The cold, dry mountains southwest of Quito, in the region of Lake Quilotoa, are some of the most beautiful anywhere, and among the most popular cycling regions in Ecuador . Photo by Alastair Bland.
The next day I crossed the Panamerican Highway and headed west, for the much-loved but little-known Quilotoa-Sigchos basin, where I would spend a week exploring what might be the best cycling region in Ecuador. Right out of the town of Latacunga, the road goes up. To non-cyclists, this may sound like the worst of possibilities, but for me and many of my fellow cyclists, climbing is the reason we own bicycles at all. It’s on those uphill grades that we feel the heat of our own blood and the pace of our hearts. Climbing, perhaps, reminds us we’re alive, while million-dollar views take shape behind us. The road out of Latacunga ascends to some 13,000 feet before leveling off on a broad plateau of Andean tundra, then descends into a beautiful valley peppered with farmhouses and tiny villages, and a camping site called Posada de La Tigua. Here, the owners may try and talk you into taking a room for $35. Just camp. It’s $3.50, and you can watch the stars of the southern sky.
Onward, and the dramatic ups and downs, the friendly people, and the green hills make smiling out here as natural as breathing. In Zumbahua, a pair of video-journalists with a Quito-based cycling club, BiciEcuador, interviewed me and asked how I liked this area.
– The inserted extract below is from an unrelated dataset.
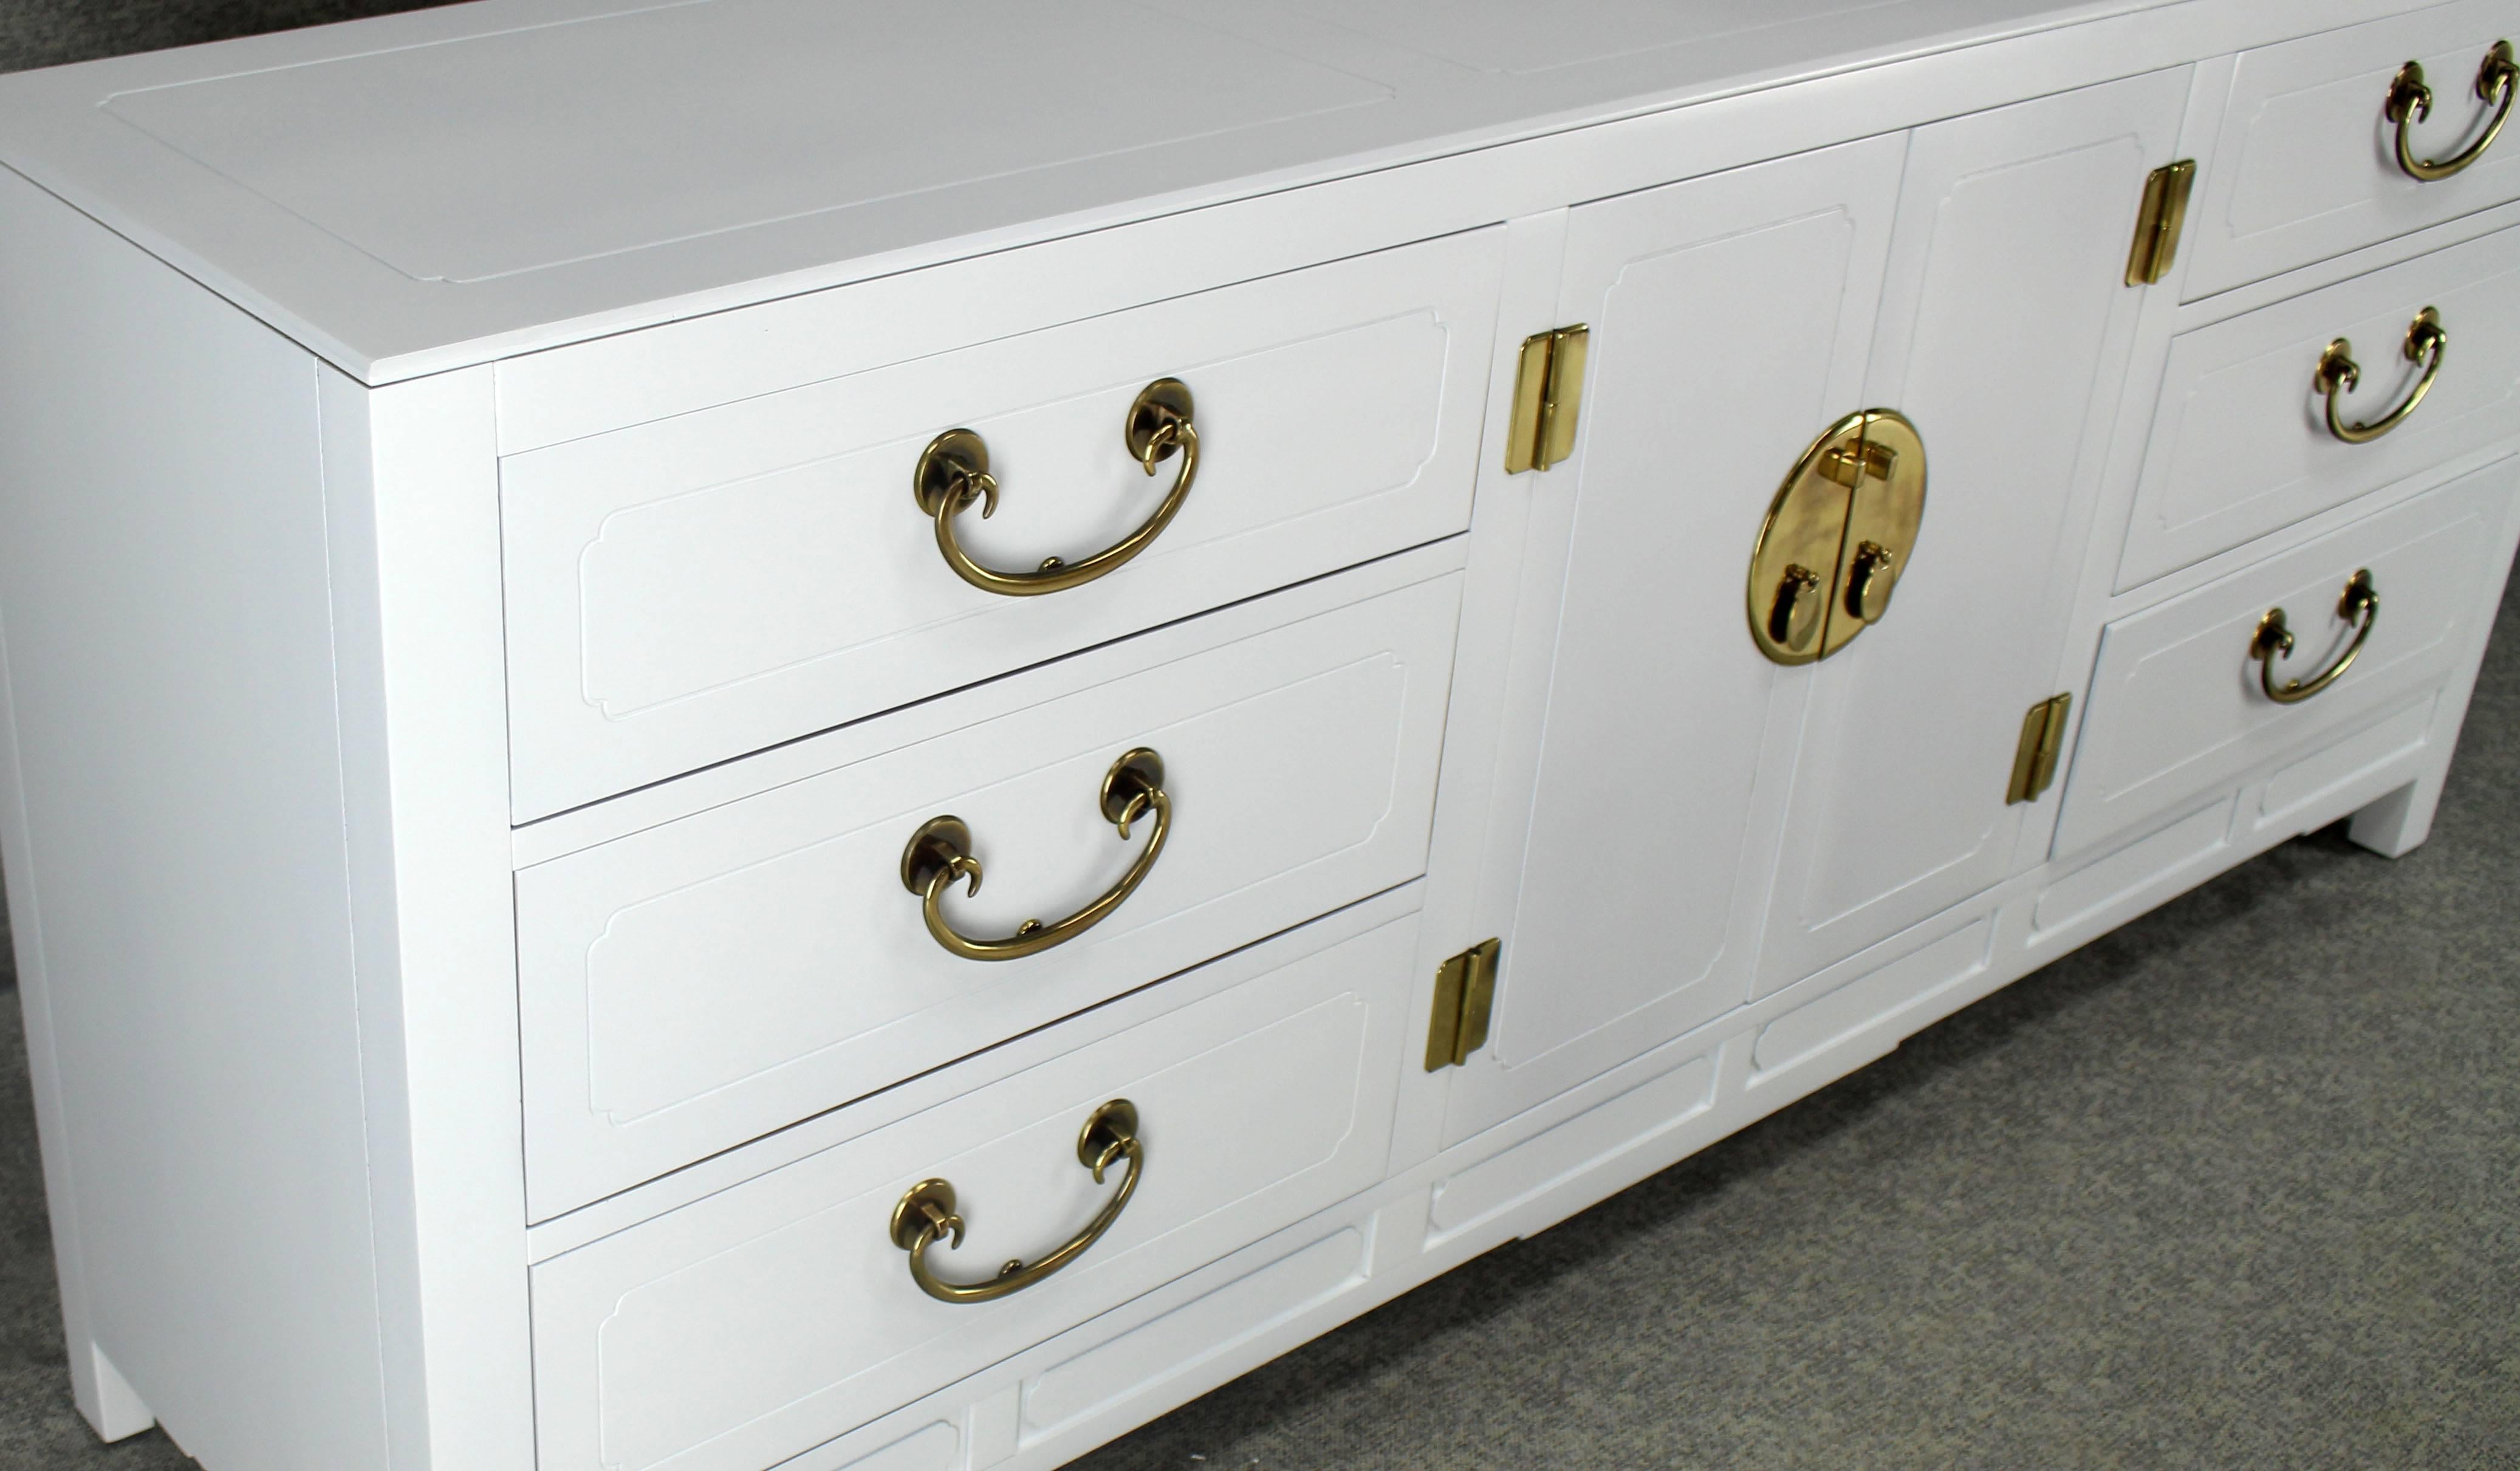 American Lacquer Brass Hardware Mid-Century Modern Long Credenza Dresser Nine Drawers For Sale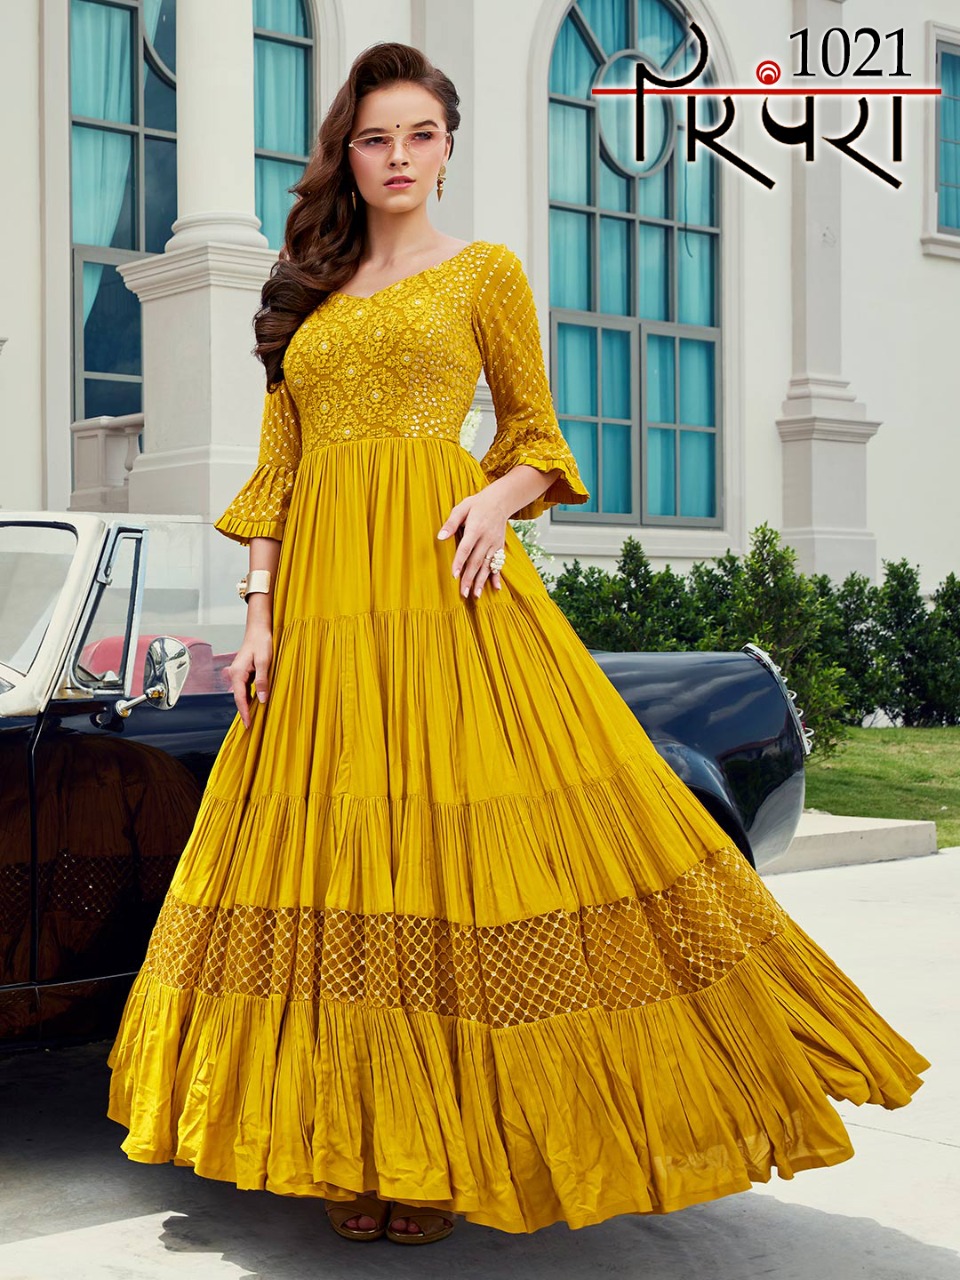 Parampara Gowns 1021

“The best of Ecuador,” I said.
The pride and joy of this region is Lake Quilotoa. There is an adjacent town of the same name—a little community of indigenous people fortunate enough to be located on the edge of a dramatic crater. Here, travelers find a vista that makes the jaw drop and clunk against the sternum. Lake Quilotoa lies almost 2,000 feet below, and from these heights one can see the wind ripping the jade-green surface. Hikers popularly walk around the crater’s rim and may follow a trail down to the water’s edge. Here, some people camp, and I saw tents pitched on a beach straight below me. The quiet, dusty village of Quilotoa will probably become either one of the hottest, or one of the most underrated, tourist destinations in Ecuador. But in February it is a strange place. It is the slow season, and there are more hostels than tourists. Nearly every building, in fact, is a hostel—perhaps 15 of them—and more are being built. The town is clearly still developing its tourist infrastructure, for among all the hostels, and even in the large visitor’s center, there is no internet—no WiFi, and no plug-in connections. Several other establishments in Quilotoa, meanwhile, sell artisanal crafts and woven items of alpaca wool. Chilly gusts of wind sweep through the quiet streets and remind one that the elevation here is almost 13,000 feet. A pair of locally made alpaca gloves for $5 are a worthy buy.

A group of alpacas grazes on the cold, blustery slopes of the mountains above Isinlivi. Photo by Alastair Bland.
Travelers who continue north from Quilotoa will find a downhill run to the friendly little village of Chugchilan, set on the slope of a steep and forested canyon. I took note of several hostels here, then continued through the village and took a side road uphill, following signs to a nearby cheese factory about 2,000 feet straight up, on a foggy mountaintop. The sign at the gate advertises the fact that this little operation uses Swiss technology. What? Flavorless Andean queso fresco isn’t good enough? (I actually quite enjoy the local mountain cheese.) I took away a pound of mozzarella and continued on a scenic loop that would bring me back to the village. “Did you manage to find the cheese factory?” a rusty red-faced man with a wide smile and a huge machete asked me. I had never seen him before, but he knew why I was here. He spoke with a strange accent, for he was among many folks here whose native language is the indigenous Quechua.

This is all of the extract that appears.